Physical Analogue Kolmogorov-Arnold Networks based on Reconfigurable Nonlinear-Processing Units

Kolmogorov-Arnold Networks (KANs) shift neural computation from linear layers to learnable nonlinear edge functions, but implementing these nonlinearities efficiently in hardware remains an open challenge. Here we introduce a physical analogue KAN architecture in which edge functions are realized in materia using reconfigurable nonlinear-processing units (RNPUs): multi-terminal nanoscale silicon devices whose input-output characteristics are tuned via control voltages. By combining multiple RNPUs into an edge processor and assembling these blocks into a reconfigurable analogue KAN (aKAN) architecture with integrated mixed-signal interfacing, we establish a realistic system-level hardware implementation that enables compact KAN-style regression and classification with programmable nonlinear transformations. Using experimentally calibrated RNPU models and hardware measurements, we demonstrate accurate function approximation across increasing task complexity while requiring fewer or comparable trainable parameters than multilayer perceptrons (MLPs). System-level estimates indicate an energy per inference of $\sim$250 pJ and an end-to-end inference latency of $\sim$600 ns for a representative workload, corresponding to a $\sim$10$^{2}$-10$^{3}\times$ reduction in energy accompanied by a $\sim$10$\times$ reduction in area compared to a digital fixed-point MLP at similar approximation error. These results establish RNPUs as scalable, hardware-native nonlinear computing primitives and identify analogue KAN architectures as a realistic silicon-based pathway toward energy-, latency-, and footprint-efficient analogue neural-network hardware, particularly for edge inference.

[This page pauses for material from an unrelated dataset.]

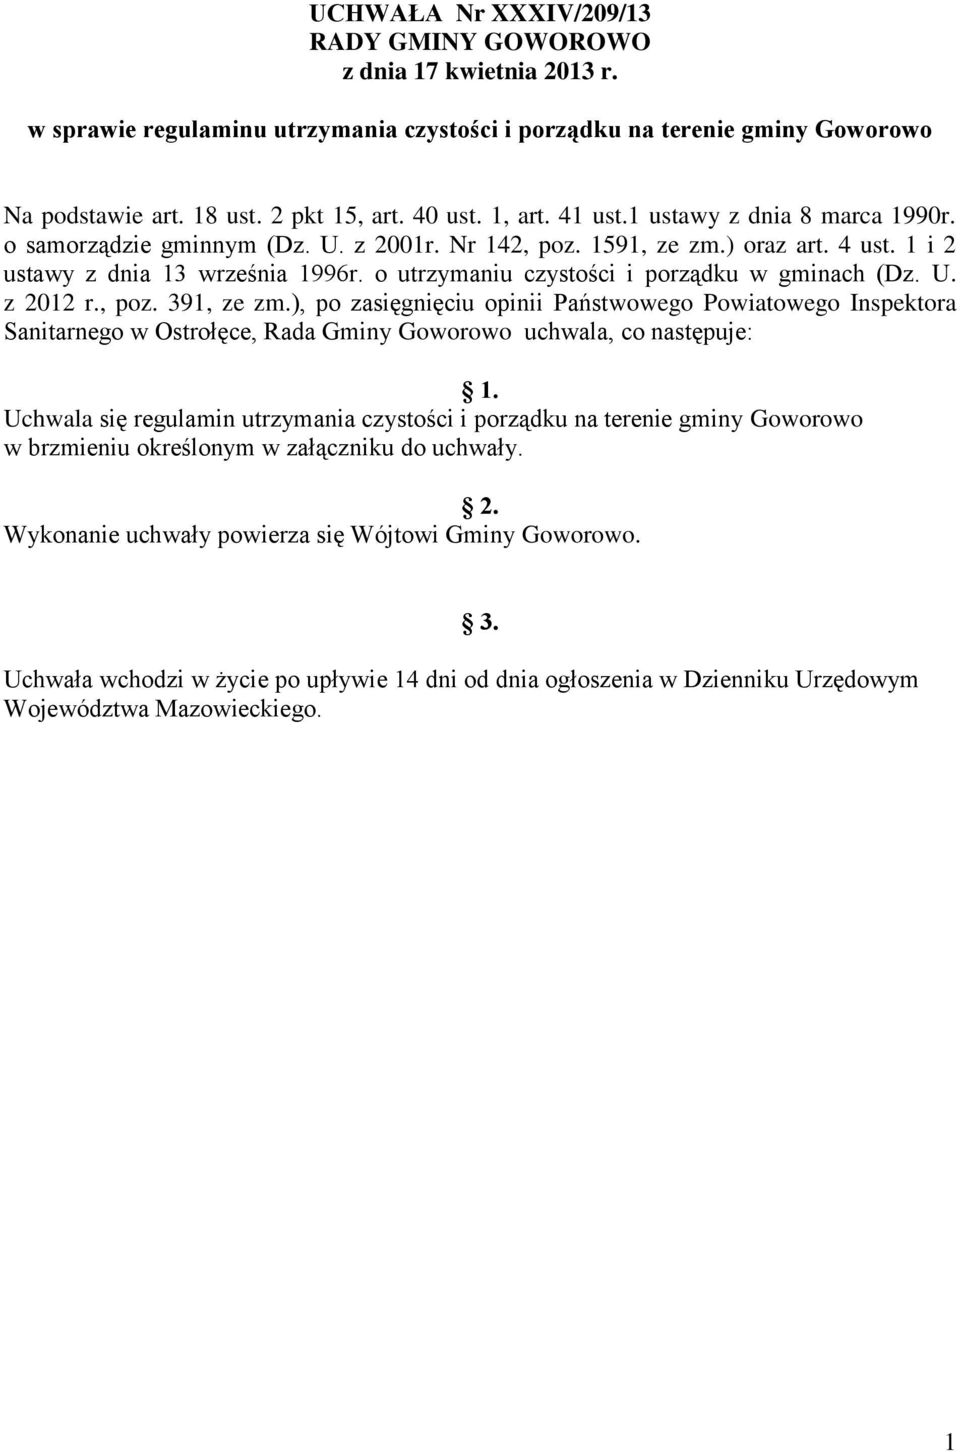 o utrzymaniu czystości i porządku w gminach (Dz. U. z 2012 r., poz. 391, ze zm.

翻译：柯尔莫哥洛夫-阿诺德网络（KANs）将神经计算从线性层转移到可学习的非线性边函数上，但在硬件中高效实现这些非线性函数仍是一个开放性挑战。本文提出了一种物理类KAN架构，其中边函数通过可重构非线性处理单元（RNPUs）在材料中实现：这些多端纳米硅器件的输入-输出特性可通过控制电压进行调谐。通过将多个RNPU组合成边缘处理器，并将这些模块与集成混合信号接口组装成可重构类KAN（aKAN）架构，我们建立了一个实际的系统级硬件实现方案，能够通过可编程非线性变换实现紧凑的KAN式回归与分类。利用实验校准的RNPU模型和硬件测量，我们展示了在任务复杂度递增时精确的函数逼近能力，同时其可训练参数数量少于或相当于多层感知器（MLPs）。系统级估算表明，对于代表性工作负载，单次推理的能耗约为250 pJ，端到端推理延迟约为600 ns，与相似逼近误差下的数字定点MLP相比，能耗降低约10^2-10^3倍，面积减少约10倍。这些结果确立了RNPU作为可扩展的硬件原生非线性计算基元，并将类KAN架构识别为一条基于硅基、实现高效能耗、延迟和面积的类神经网硬件现实路径，尤其适用于边缘推理场景。